Clearly theres plenty of value to having a persistent connection or a pool within Django itself. As of today theres a few options for that:

Django-PostgresPool

The first Django-PostgresPool is created by kennethreitz. As in general I’d encourage the use of dj_database_url you can easily begin using his package (once installed) with:

import dj_database_url

DATABASE = { 'default': dj_database_url.config() }
DATABASES['default']['ENGINE'] = 'django_postgrespool'

An important thing to note is if you’re using South you’ll also want to setup the adapter for it:

SOUTH_DATABASE_ADAPTERS = {
    'default': 'south.db.postgresql_psycopg2'
}

djorm-ext-pool

The second option djorm-ext-pool is created by niwibe.

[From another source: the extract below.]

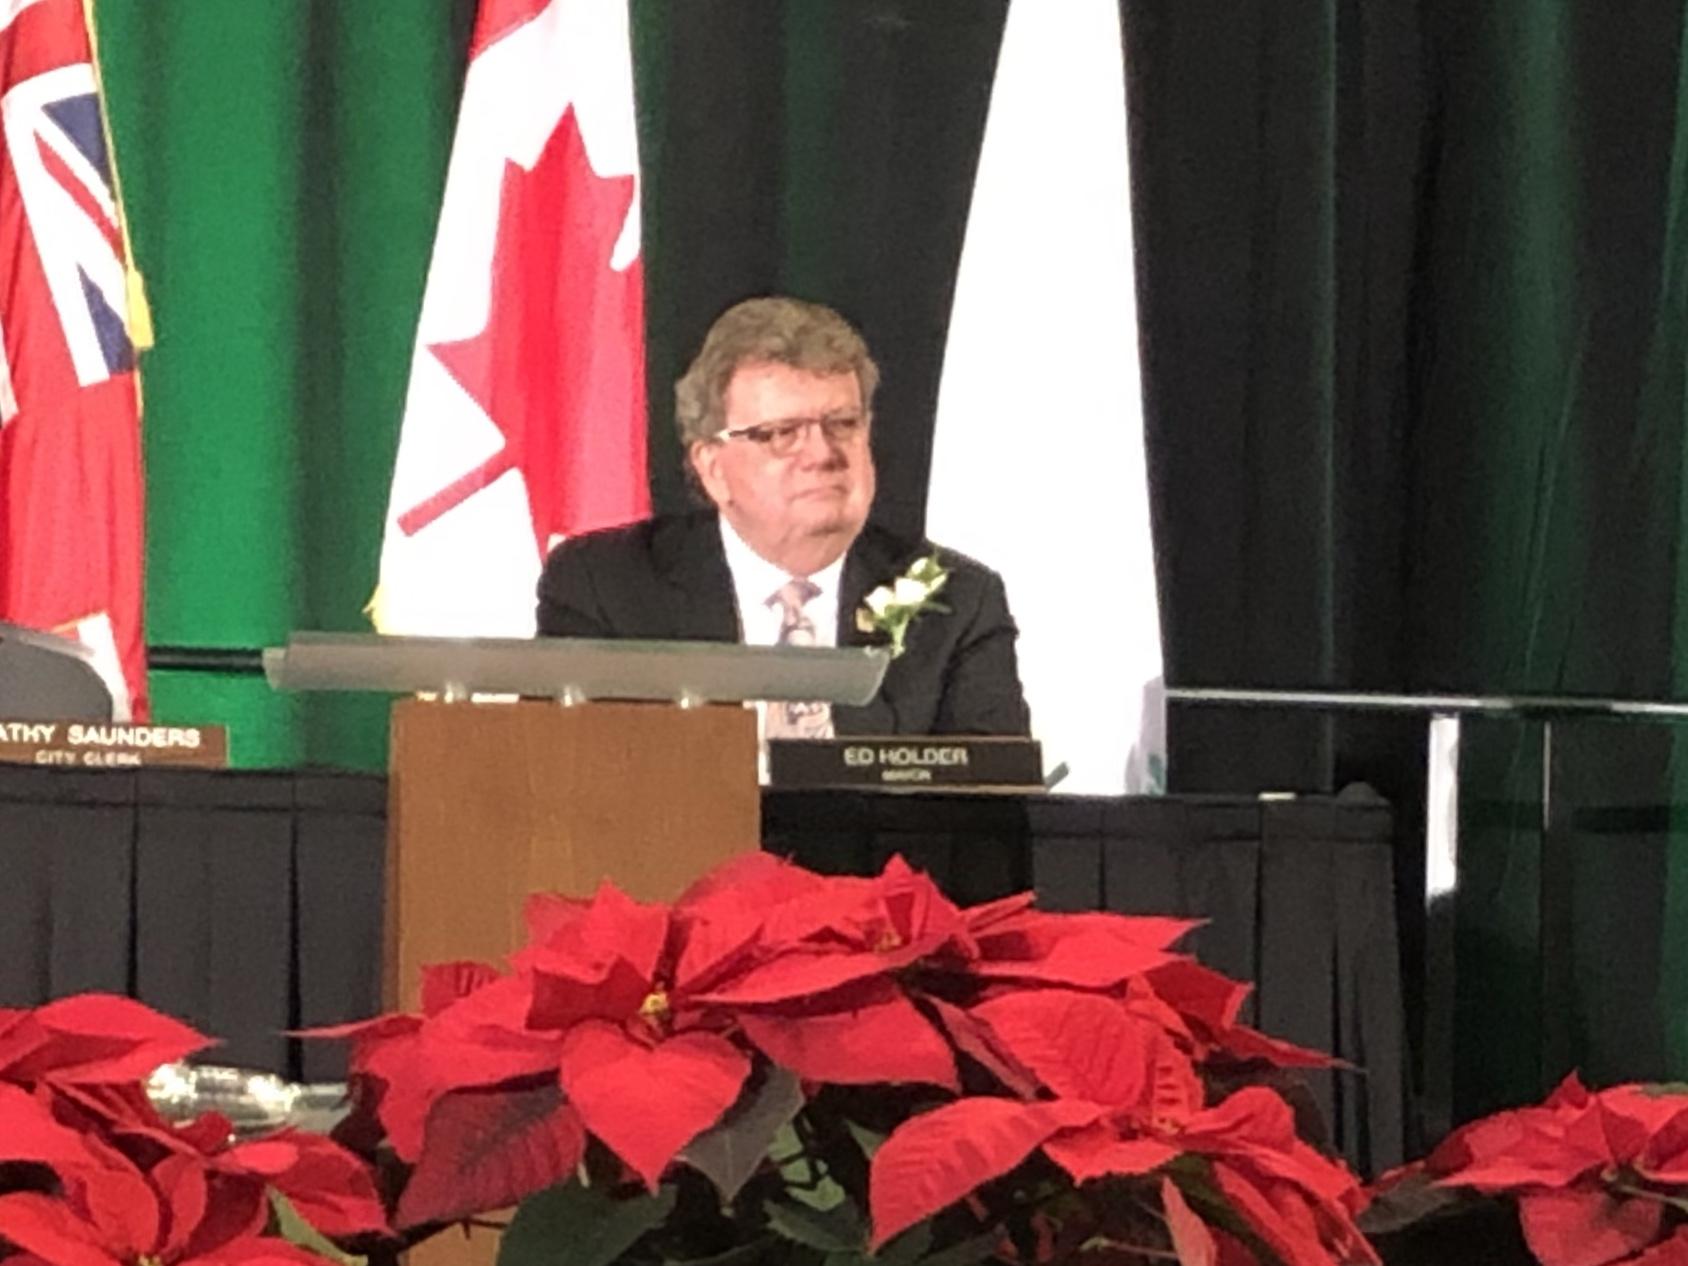 City council: the beginning of a new era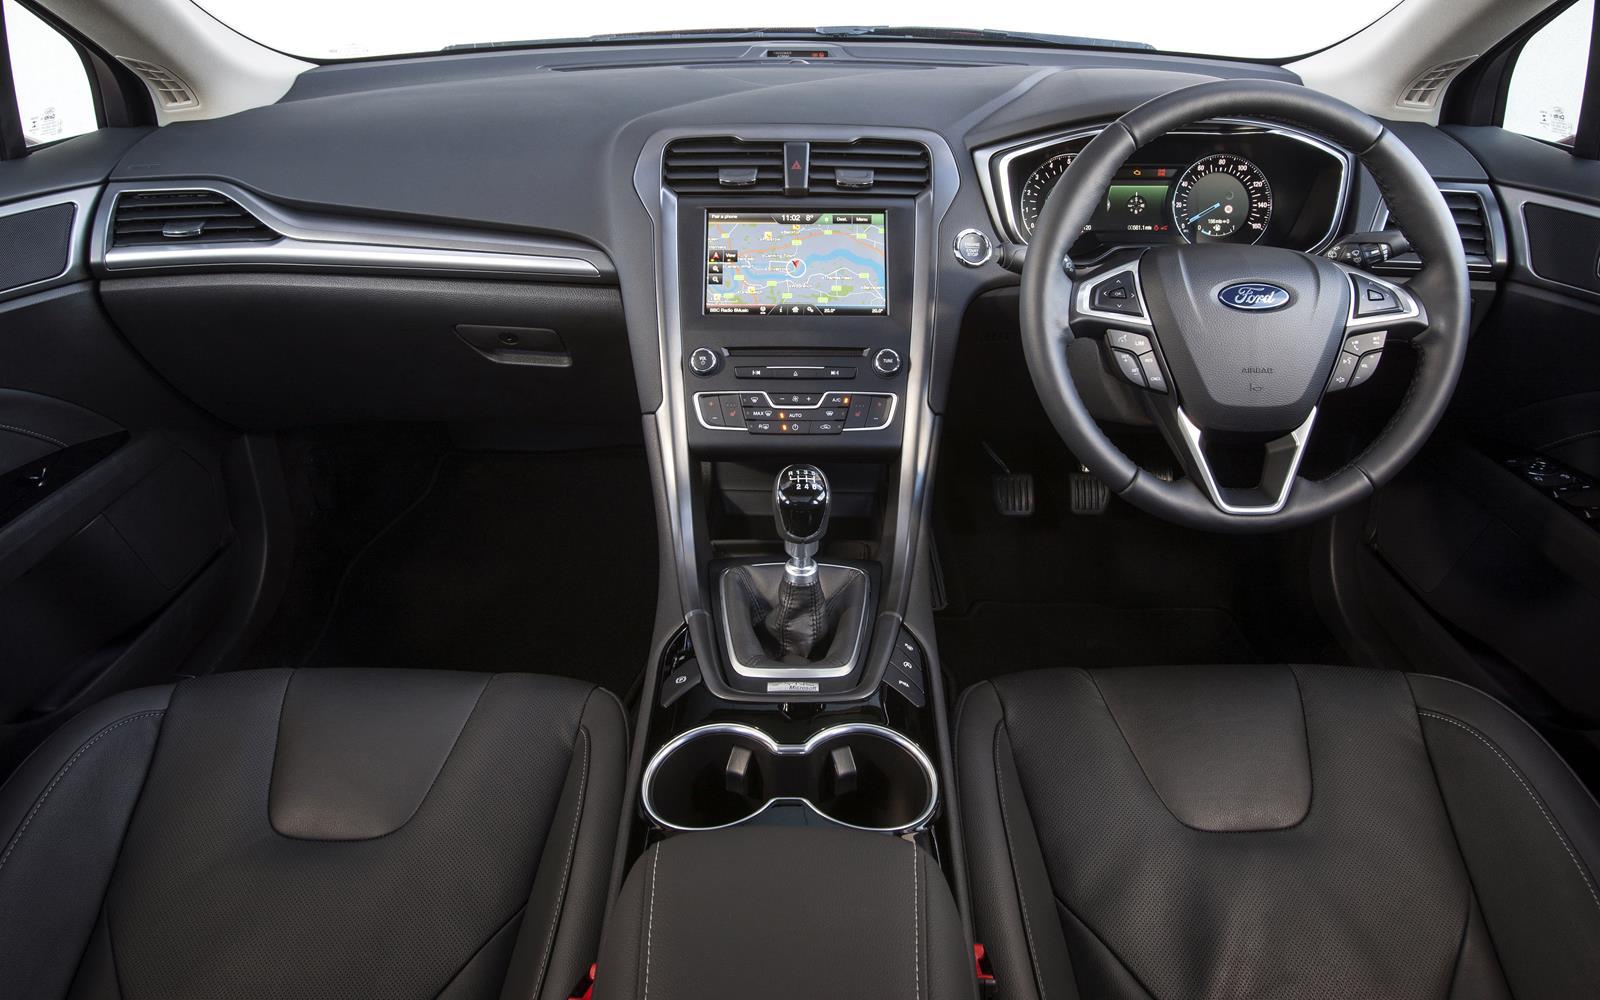 Ford Mondeo 2015 Interior >> Ford Mondeo 2015 Interior Front Seat Driver

Once you’ve installed djorm-ext-pool you then add it to your INSTALLED_APPS within your settings.py. From here then you can setup your pool:

DJORM_POOL_OPTIONS = {
    "pool_size": 20,
    "max_overflow": 0
} 

django-db-pool

The third and final option is django-db-pool. You can set it up with:

DATABASES = {'default': dj_database_url.config()}
DATABASES['default']['ENGINE'] = 'dbpool.db.backends.postgresql_psycopg2'
DATABASES['default']['OPTIONS'] = {
    'MAX_CONNS': 10
}

Gotchas

Each of these does work with recent versions of Django, though in some cases there are gotchas. If using a prodution worthy python web server such as Gunicorn or uwsgi and running with gevent or eventlet some edge cases can present themselves. Regardless of potential gotchas it is worth attempting this and of course providing feedback to maintainers and the community as you find those.

The future

Django more recently has directly started to address these issues of large costs of establishing a connection. The first major step here is this patch from Aymeric. You can find more dicussion around this particular patch here. Essentially with this patch which will hit in Django 1.6 developers then get a persistent connection which will help reduce the time. If you’re interested in trying the 1.6 master you can do this by adding it to your requirements.txt as:

https://github.com/django/django/archive/master.zip

At this point it does not introduce pooling which could allow even more gains, though I’m sure if there’s enough need it’ll be on a roadmap at some point. Though, as it stands today before 1.6 your best bet is one of the above options.